Scheduling in Kubernetes is the process of binding pending pods to nodes, and is performed by a component of Kubernetes called kube-scheduler. The scheduler's decisions, whether or where a pod can or can not be scheduled, are guided by its configurable policy which comprises of set of rules, called predicates and priorities. The scheduler's decisions are influenced by its view of a Kubernetes cluster at that point of time when a new pod appears for scheduling.
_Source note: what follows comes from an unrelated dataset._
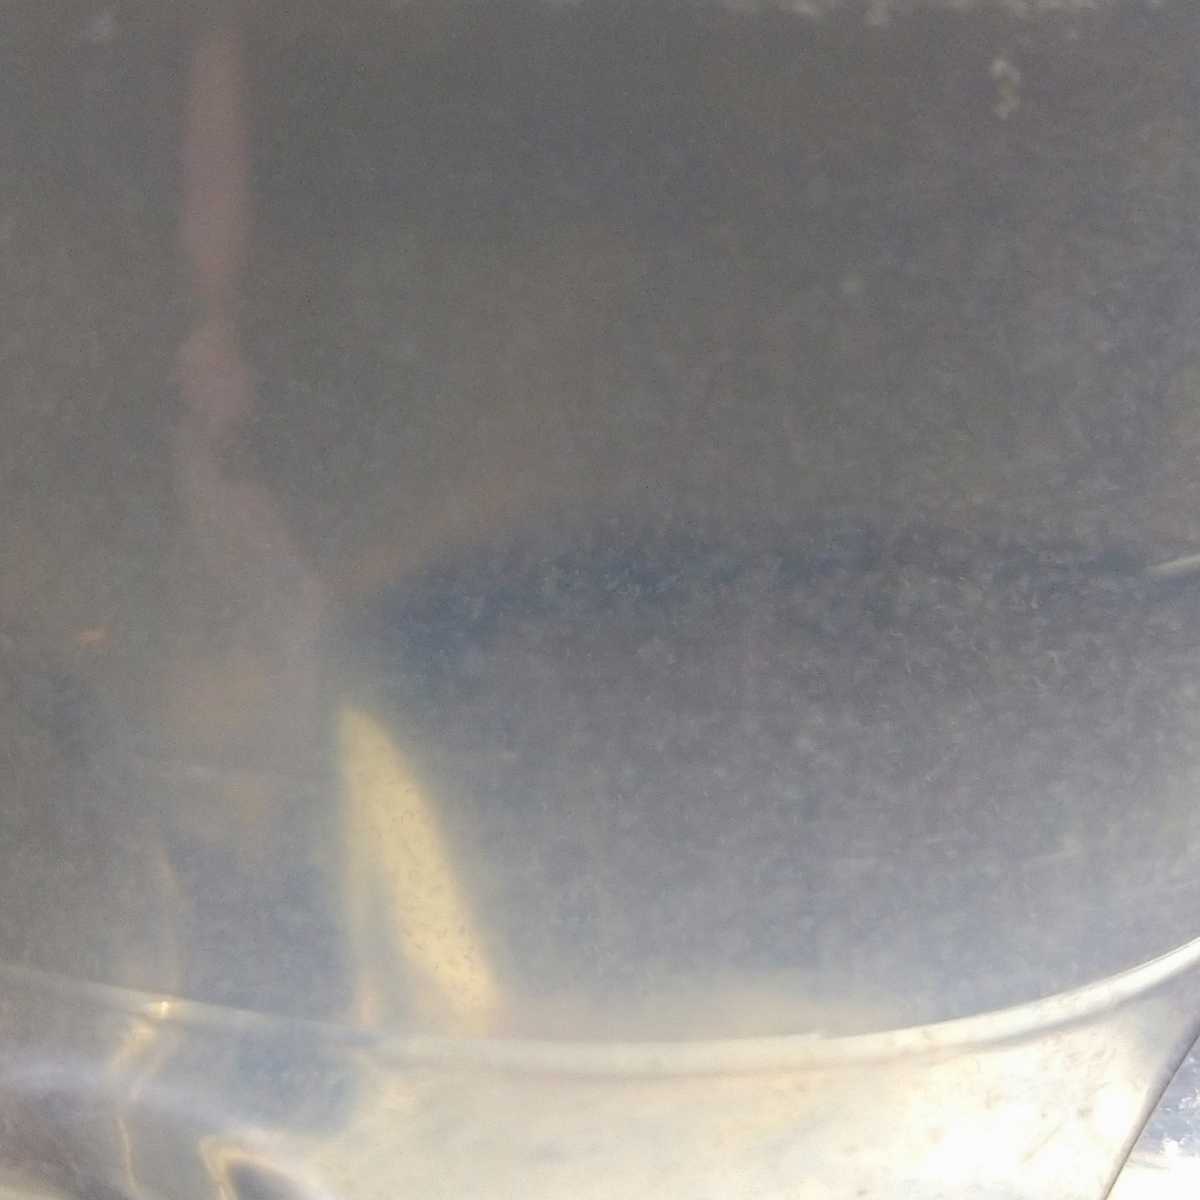 ゾウリムシ 培養set 培養方法付 ゾウリムシ種水約100mlと餌エビオス錠500mlペットボトル20本分 金魚 メダカ 熱帯魚 錦鯉 稚魚 針子 の餌 水の画像7

As Kubernetes clusters are very dynamic and their state changes over time, there may be desire to move already running pods to some other nodes for various reasons:

• Some nodes are under or over utilized.
• The original scheduling decision does not hold true any more, as taints or labels are added to or removed from nodes, pod/node affinity requirements are not satisfied any more.
• Some nodes failed and their pods moved to other nodes.
• New nodes are added to clusters.

Consequently, there might be several pods scheduled on less desired nodes in a cluster. Descheduler, based on its policy, finds pods that can be moved and evicts them. Please note, in current implementation, descheduler does not schedule replacement of evicted pods but relies on the default scheduler for that.

The descheduler can be run as a Job or CronJob inside of a k8s cluster. It has the advantage of being able to be run multiple times without needing user intervention. The descheduler pod is run as a critical pod in the kube-system namespace to avoid being evicted by itself or by the kubelet.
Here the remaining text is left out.